Result Merging in Distributed Indexing

Jan Pedersen and Hinrich Schuetze, Palo Alto Research Center, Xerox Corporation

Distributed search systems should be able to return ranked result lists as well as the unranked result sets that are common in Boolean systems and Harvest/Glimpse. Ranking is difficult in a distributed environment because simply combining results across servers is known to be inferior to the ranking that would be achieved if the documents where centralized. This is because ranking strategies make use of collection statistics which, in the case of a meta-collection composed of a number of distributed collections, are not available to each individual server. Some systems try to circumvent the need for statistical weighting by ranking according to the number of term matches (e.g. WAIS). However, it is well-known in the information retrieval literature that unweighted searches perform worse than weighted searches [1]. To address this problem, we believe that two-way communication of collection statistics must be included in standards for effective distributed searching.

Most term weighting methods in information retrieval rely on the collection document frequency of a term, i.e. the number of documents in the full collection in which that term occurs. When a user creates a meta-collection on the fly by selecting a number of collection servers to search over, a term's document frequency for the meta-collection can be computed by summing the document frequencies from the individual collections. The protocol should therefore enable the client to obtain the document frequencies of the current query terms from the individual collections. However, unless that information is communicated back to each individual server, the individual servers will not have the information necessary to form optimal weights. Instead they must rely on local statistics, which produce inferior results to global statistics [2]. The protocol should therefore allow for the communication back to each server of global collection statistics to be used in weighting. Finally, in order for the scores from different servers to be comparable, the same scoring function has to be used by each server. We propose that the most common weighting functions be specified in the standard and that the protocol allow the client to select which weighting function to use on a particular search. The following tf.idf formula is an example of one of the common weighting function in information retrieval:

sum over all terms i shared by query and document:
log(N / N(i)) * square-root(tf(i,document)) * square-root(tf(i,query))

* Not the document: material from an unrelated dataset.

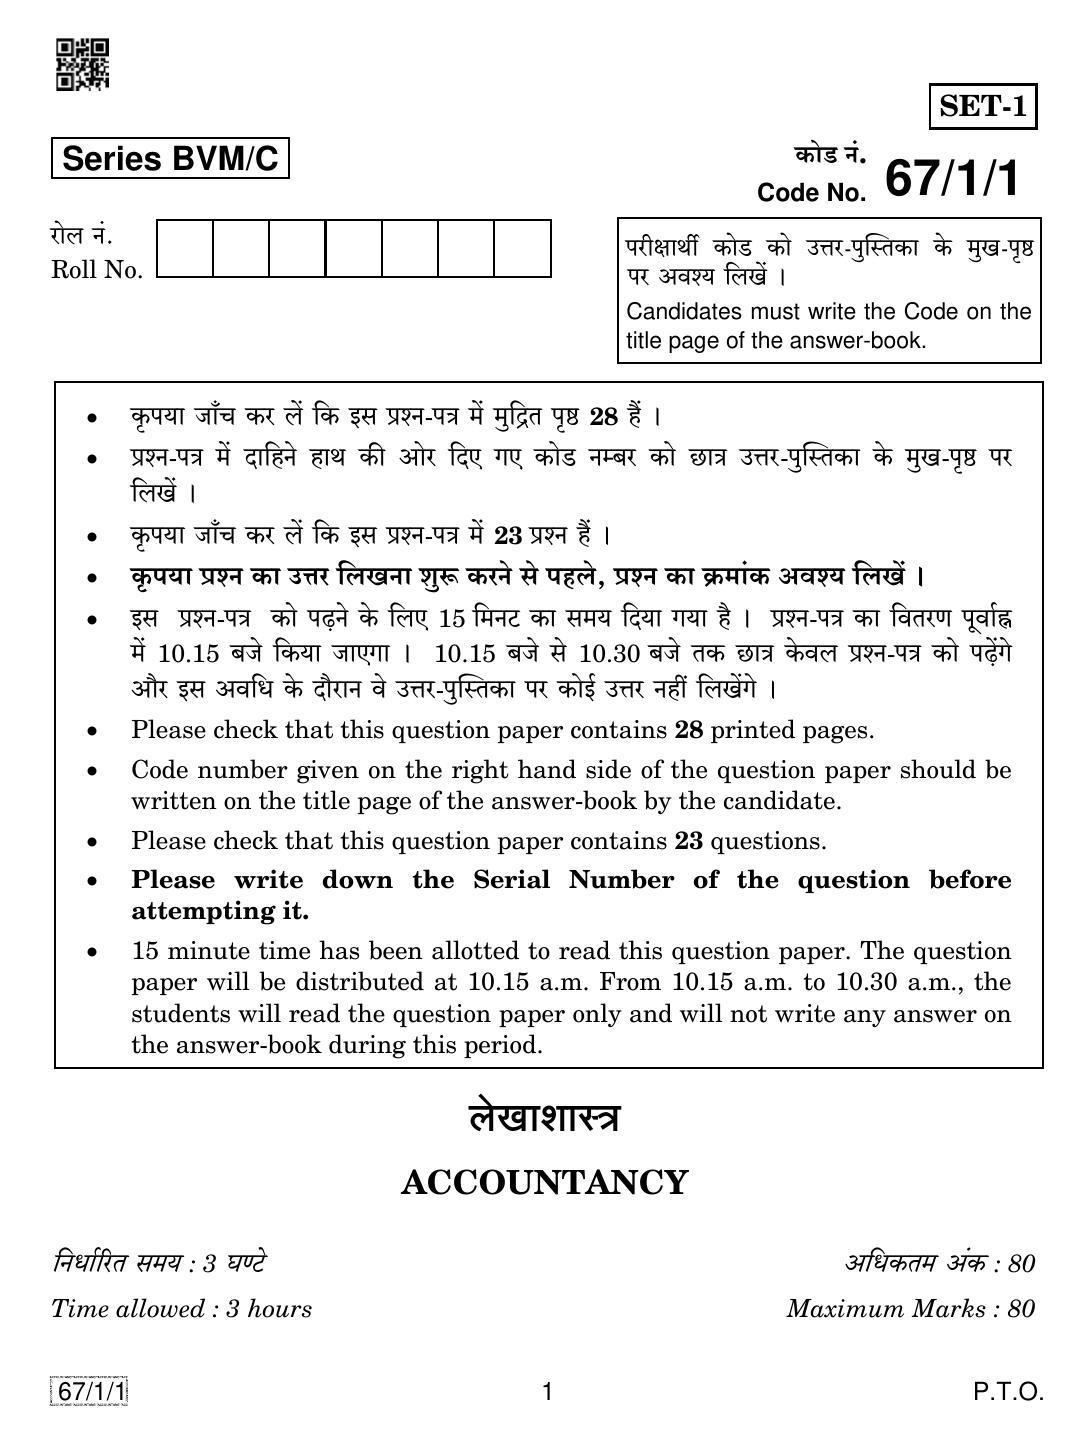 CBSE Class 12 67-1-1 ACCOUNTANCY 2019 Compartment Question Paper - Page 1

where N is the total number of documents in the (meta-)collection, N(i) is the document frequency of term i, tf(i,document) is the term frequency of term i in the document, tf(i,query) is the term frequency of term i in the query and both document vector and query vector are assumed to be cosine-normalized.

In summary, we argue that results from information retrieval research motivate an extension of the protocols between clients and servers to support effective multi-site ranked searches. The standard protocol should allow clients

to obtain characteristic statistics about each server's collection
to select from a standard set of scoring functions and
to send term statistics on the current meta-collection to a server (along with a particular query)

[1] Salton and Buckley. Term-weighting Approaches in Automatic Text Retrieval. IP&M Vol. 24, No. 5, pp. 513-523, 1988.

[2] J.P. Callan, Zhihong Lu and W. Bruce Croft. Searching Distributed Collections with Inference Networks. SIGIR 95, pp. 21-28, 1995.